Rudolf Steiner was born to a minor railway official and his wife in 1861, in an area that was then part of Austria, but is today the border area between Croatia and Hungary. From boyhood he had, as he later wrote in his autobiography, ‘burning questions about life and the world and the soul’. This was in part provoked by his natural clairvoyance, yet what was to drive him throughout his life was the reconciliation of that clairvoyant experience with spirit of science which was the hallmark of the time into which he had been born.
Throughout his life he was vigorously committed to this latter as the correct and necessary evolutionary path of human knowledge. Thus he chose to train in the ways of science, graduating in maths, physics and chemistry at the Technical University in Vienna in 1883. Throughout his time in Vienna however he, struggled with a painful but necessary decision he had made to defer serious work on his avowed goal - the uniting of the world of natural science with the world of spirit.
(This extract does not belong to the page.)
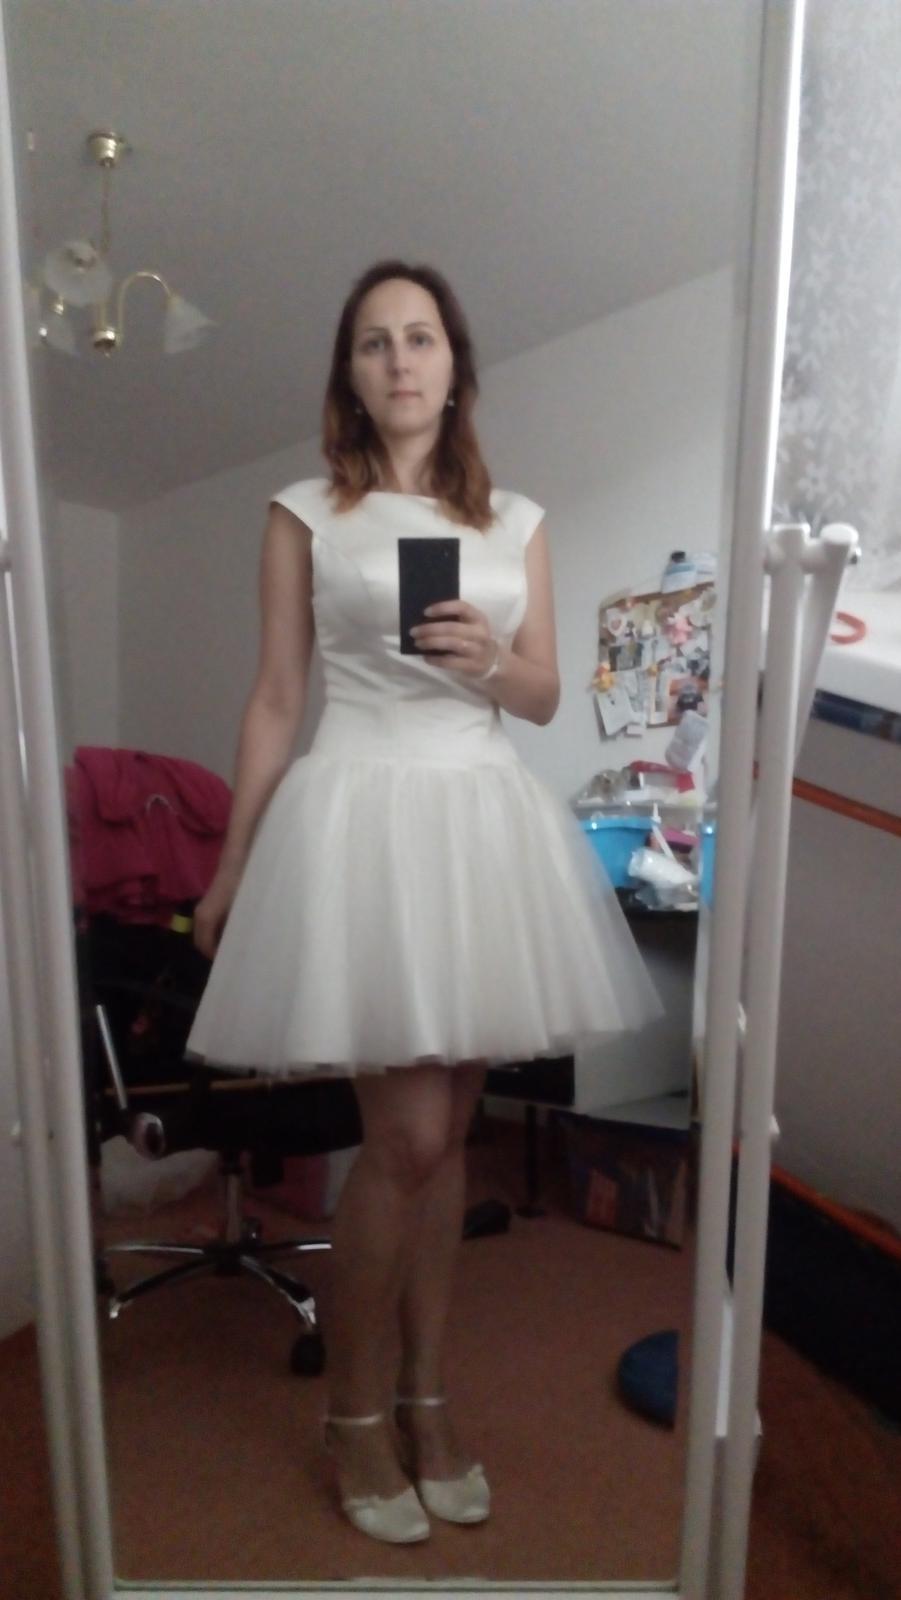 Budoucí nevěsty, konečně jsem se rozhodla a s velmi těžkým srdcem prodám své šatičky na převlečení a svatební botičky. Kdybyste některá měla zájem, koukněte do bazárku. Mně přinesly štěstí, tak bych je ráda poslala dál :) - Obrázek č. 1

Conspicuously successful in his studies, Steiner had by the age of 25 written introductions and commentaries for four volumes of Goethe’s scientific work and published a book on Goethe’s theory of cognition. These met with sufficient scholarly acclaim that he was invited to the Goethe Institute in Wiemar, Germany in the role of scientific editor to a new edition of Goethe’s works.
Although this role occupied him through to the age of 35, Steiner during the same period, found time to collaborate on a complete edition of the works of Schopenhauer and to earn a Ph.D. from Rostock University.
His doctoral thesis (concerned with matters relating to Fichte´s concept of the ego) reflected an interest which was not only to be life-long, but was also fundamental to his quest for forms of science capable of tackling the question of spirit - namely, the nature of human individuality.
As well as Fichte, and Schopenhauer, Steiner also studied extensively the work of Kant (from the age of 16), Schiller, Hegel, Nietzche (with whom he had a personal relationship), and others.
Yet in the end it was Goethe´s work which held the most promise for helping to bring questions concerning spirit within the compass, not merely of experience, but of something which could be called rigorous knowledge in a way comparable to undeniable rigour of materialistic science.
Here we must digress a little to Goethe´s work, for it is foundational to Steiner´s: An unusual achievement in any era, Goethe was highly accomplished in both science and the arts. Even to the point that he was able to experience them not as two separate arenas at all, but as different dimensions of the same arena. Thus his approach to science began with an aesthetic attitude, and a conception of nature not as a set of disparate phenomena but as a unity, in which every phenomenon must be a morphological development of other phenomena. Next he strove for direct and participative knowing, in which “the phenomena themselves become the theory”.
Such knowing, in the Goethean approach, requires entering perceptively into the morphological processes at work, allowing them to play themselves out as archetypes in observer´s consciousness, so as to reveal underlying truths.